Девушка из Дании - Дэвид Эберсхоф. Страница 34
- Баронесса купила все пять, - сообщил Расмуссен, - а Лили спала всю сделку. Герда, с ней что-то не так? Надеюсь, что нет. Вы не слишком ее перегружаете? Позаботьтесь о ней, Герда, ради вашего же блага.
***
- Вы действительно не обеспокоены кровотечениями? - спросила Герда доктора Хекслера
- Не так сильно, как тем, что он - женщина, - сказал доктор, - даже рентген не способен вылечить это. Хотите, я поговорю с Эйнаром? Я могу сказать ему, что он сам себя травмирует.
- Он? - наконец спросила Герда, - я имею в виду, действительно ли он?

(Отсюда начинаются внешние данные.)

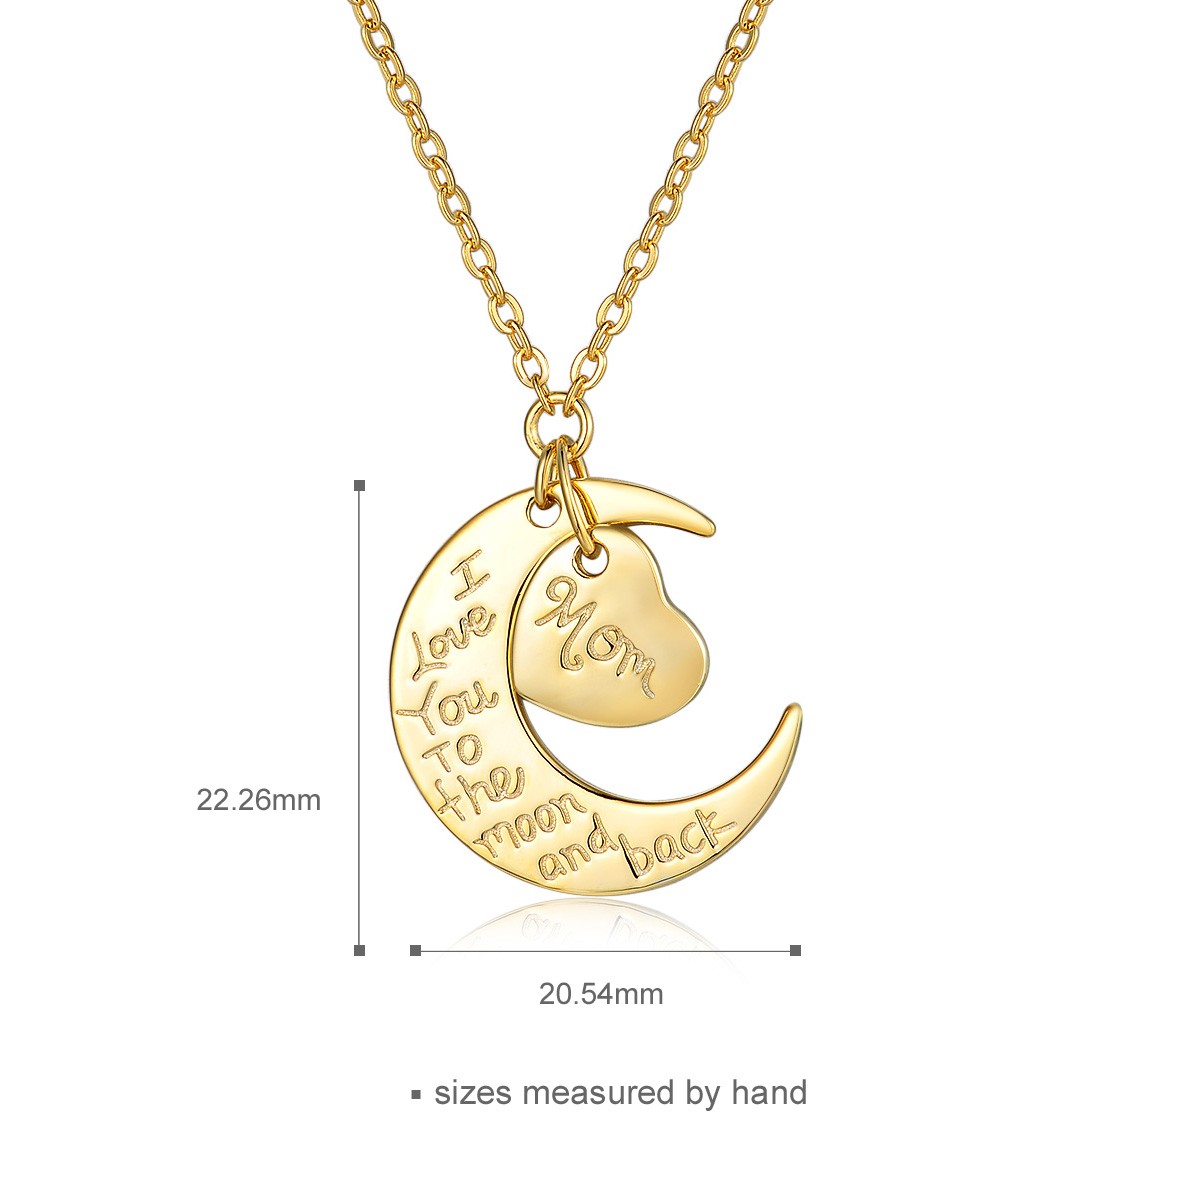 OEM high quality 925 sterling silver gold plated necklace pendant for women presonalzied  jewelry

- Да, конечно. Надеюсь, вы согласитесь со мной, миссис Вегенер, что если это не прекратить, то нам придется принять более решительные меры. Что ваш муж не может прожить так большую часть жизни. Конечно, Дания очень открыта, но речь идет не об открытости. Это касается здравомыслия. Разве вы не согласны со мной, миссис Вегенер? Вы согласны с тем, что в его желаниях нет ничего нормального? Что вы и я, как ответственные граждане, не можем позволить вашему мужу свободно бродить в виде Лили? Даже в Копенгагене, даже в отдельных случаях, даже под вашим наблюдением. Надеюсь, вы согласитесь со мной, что мы должны сделать все возможное, чтобы изгнать этого демона из него, потому что так оно и есть. Разве вы не согласны со мной, миссис Вегенер? Демон, миссис Вегенер, вы согласны?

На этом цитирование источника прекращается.